EXERCISE DIRECTIONS
Everything in the listing that follows should be reproduced exactly except the pictures.

THE DATA

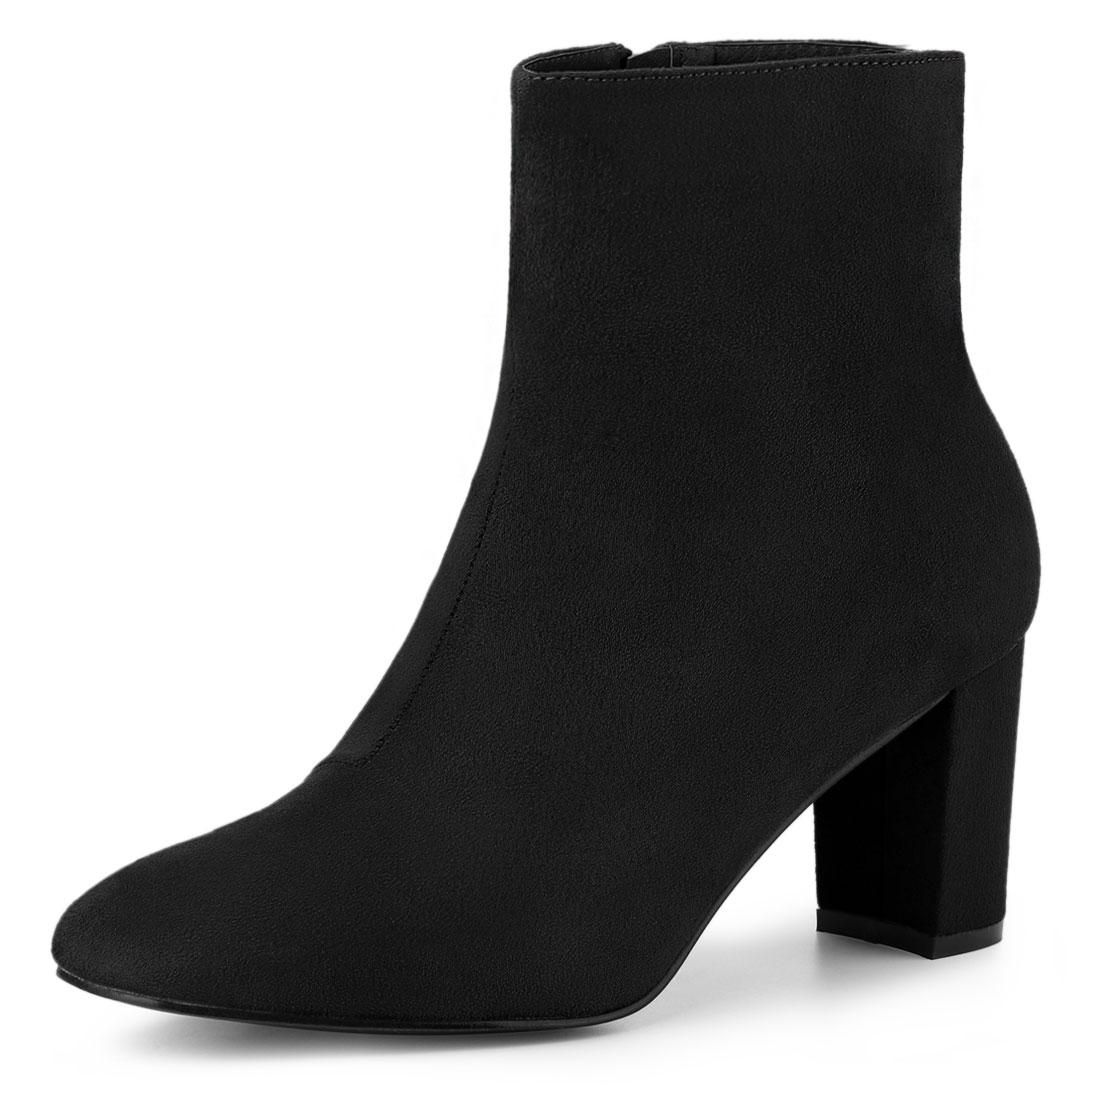 Allegra K Women's Dress Side Zip Chunky Heel Ankle Boots Black US 8
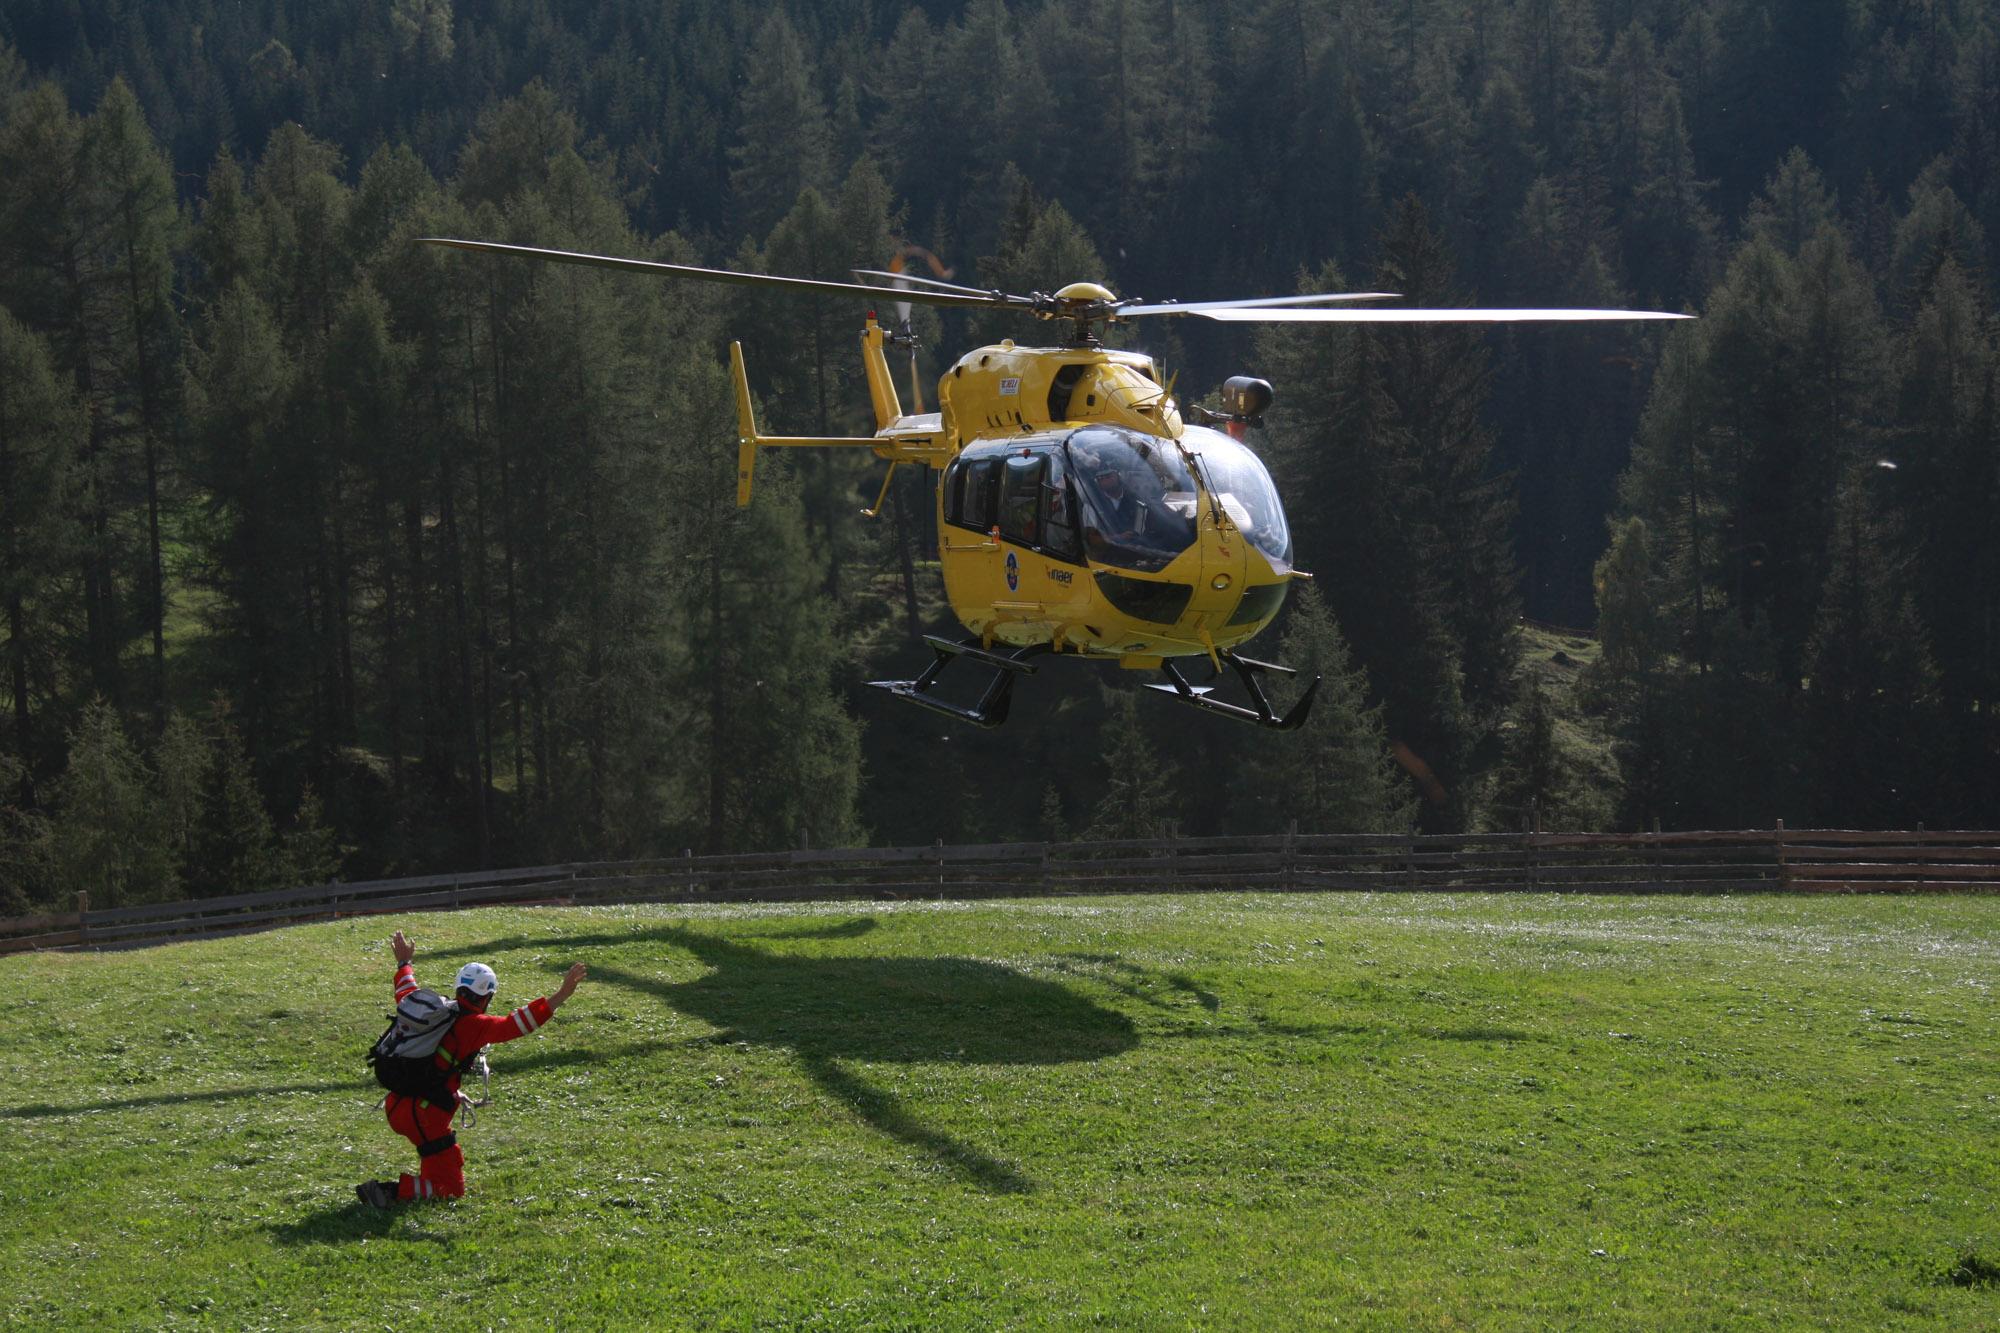 Ein Hubschrauber der Bergrettung landet auf einer Wiese
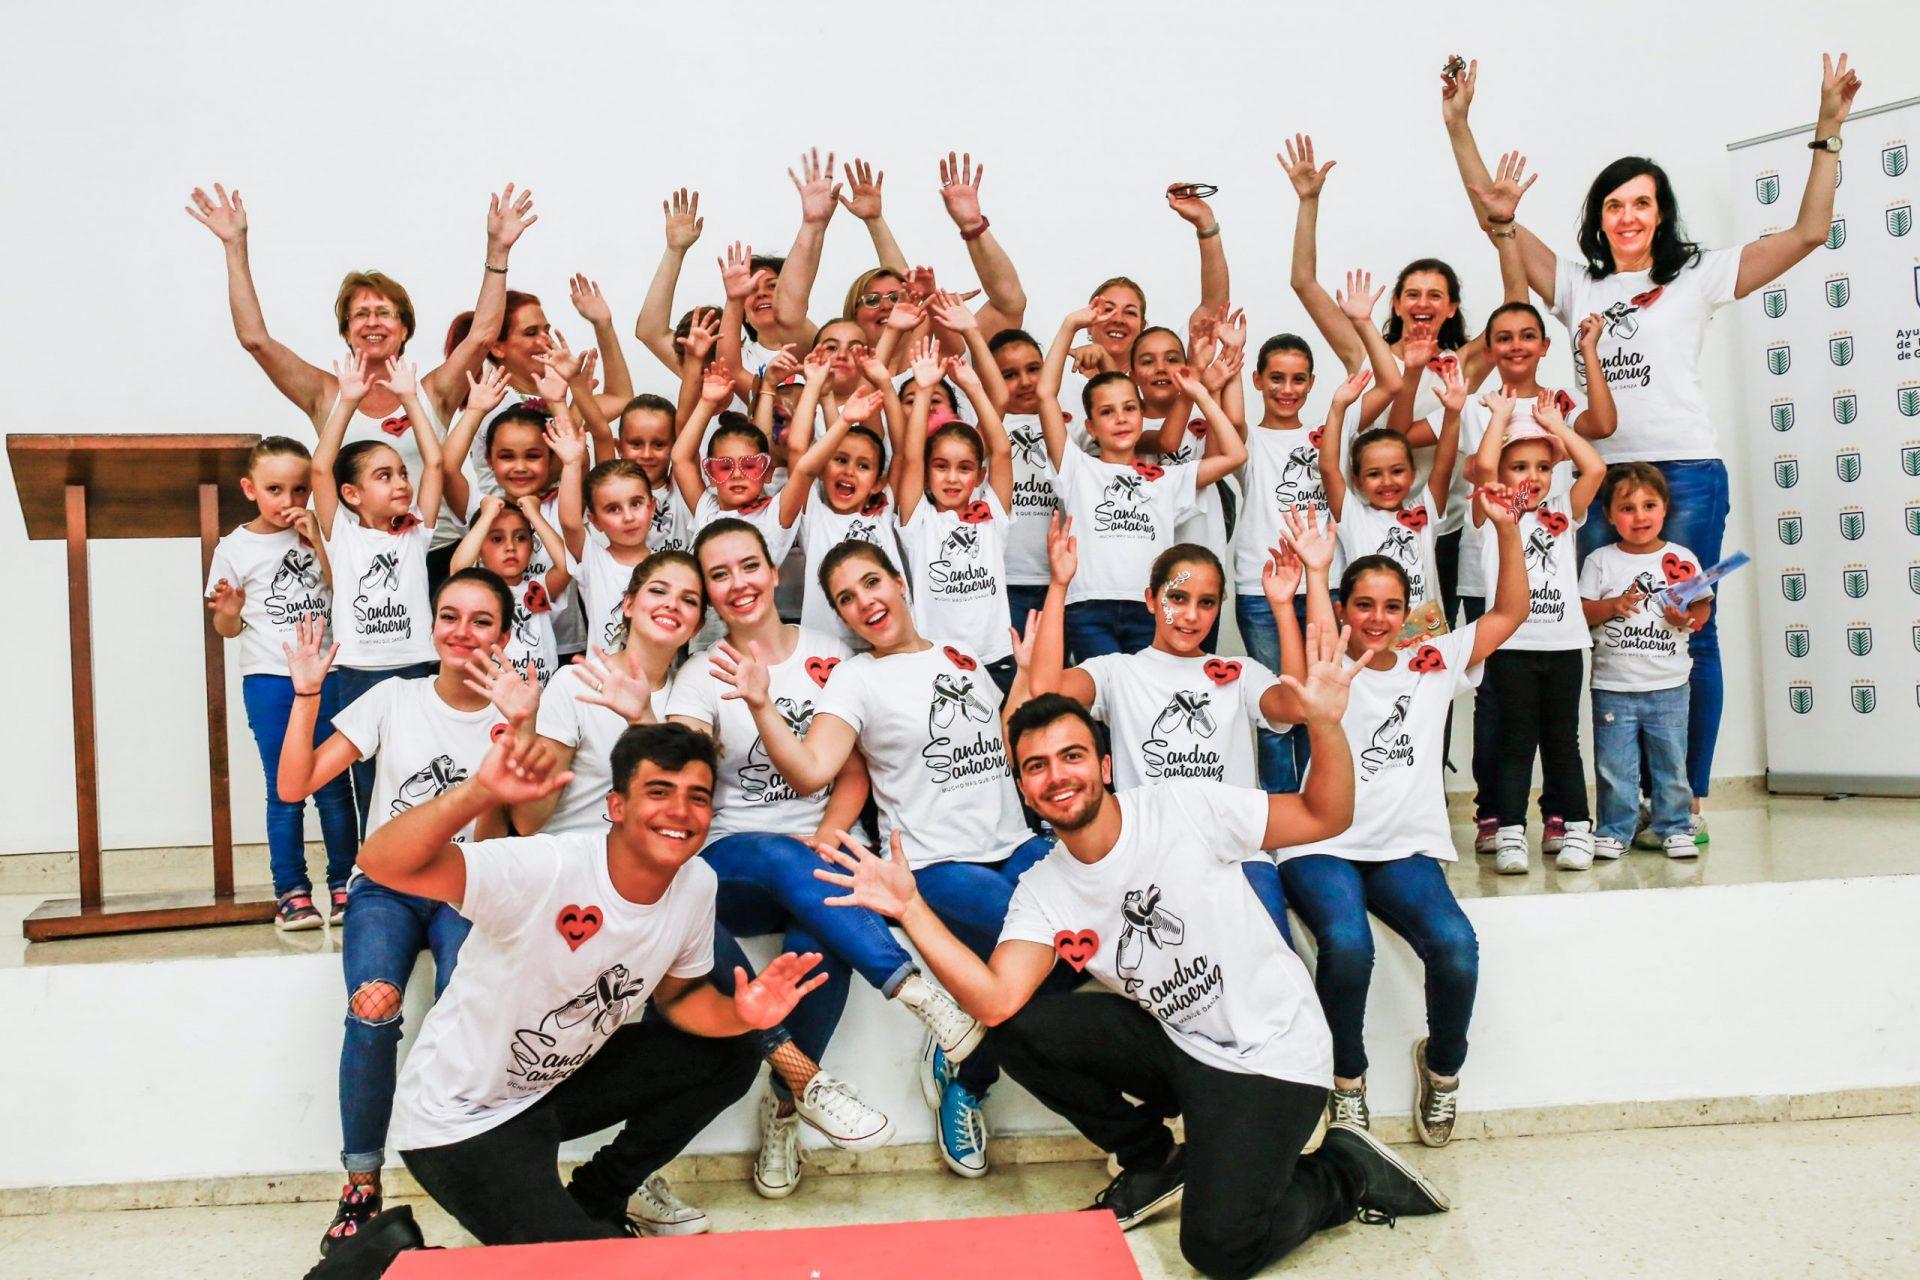 Foto del Centro de Danza Sandra tras su desfile de creatividad:

RESPONSE AREA
 Allegra K Women's Dress Side Zip Chunky Heel Ankle Boots Black US 8
 Ein Hubschrauber der Bergrettung landet auf einer Wiese
 Foto del Centro de Danza Sandra tras su desfile de creatividad:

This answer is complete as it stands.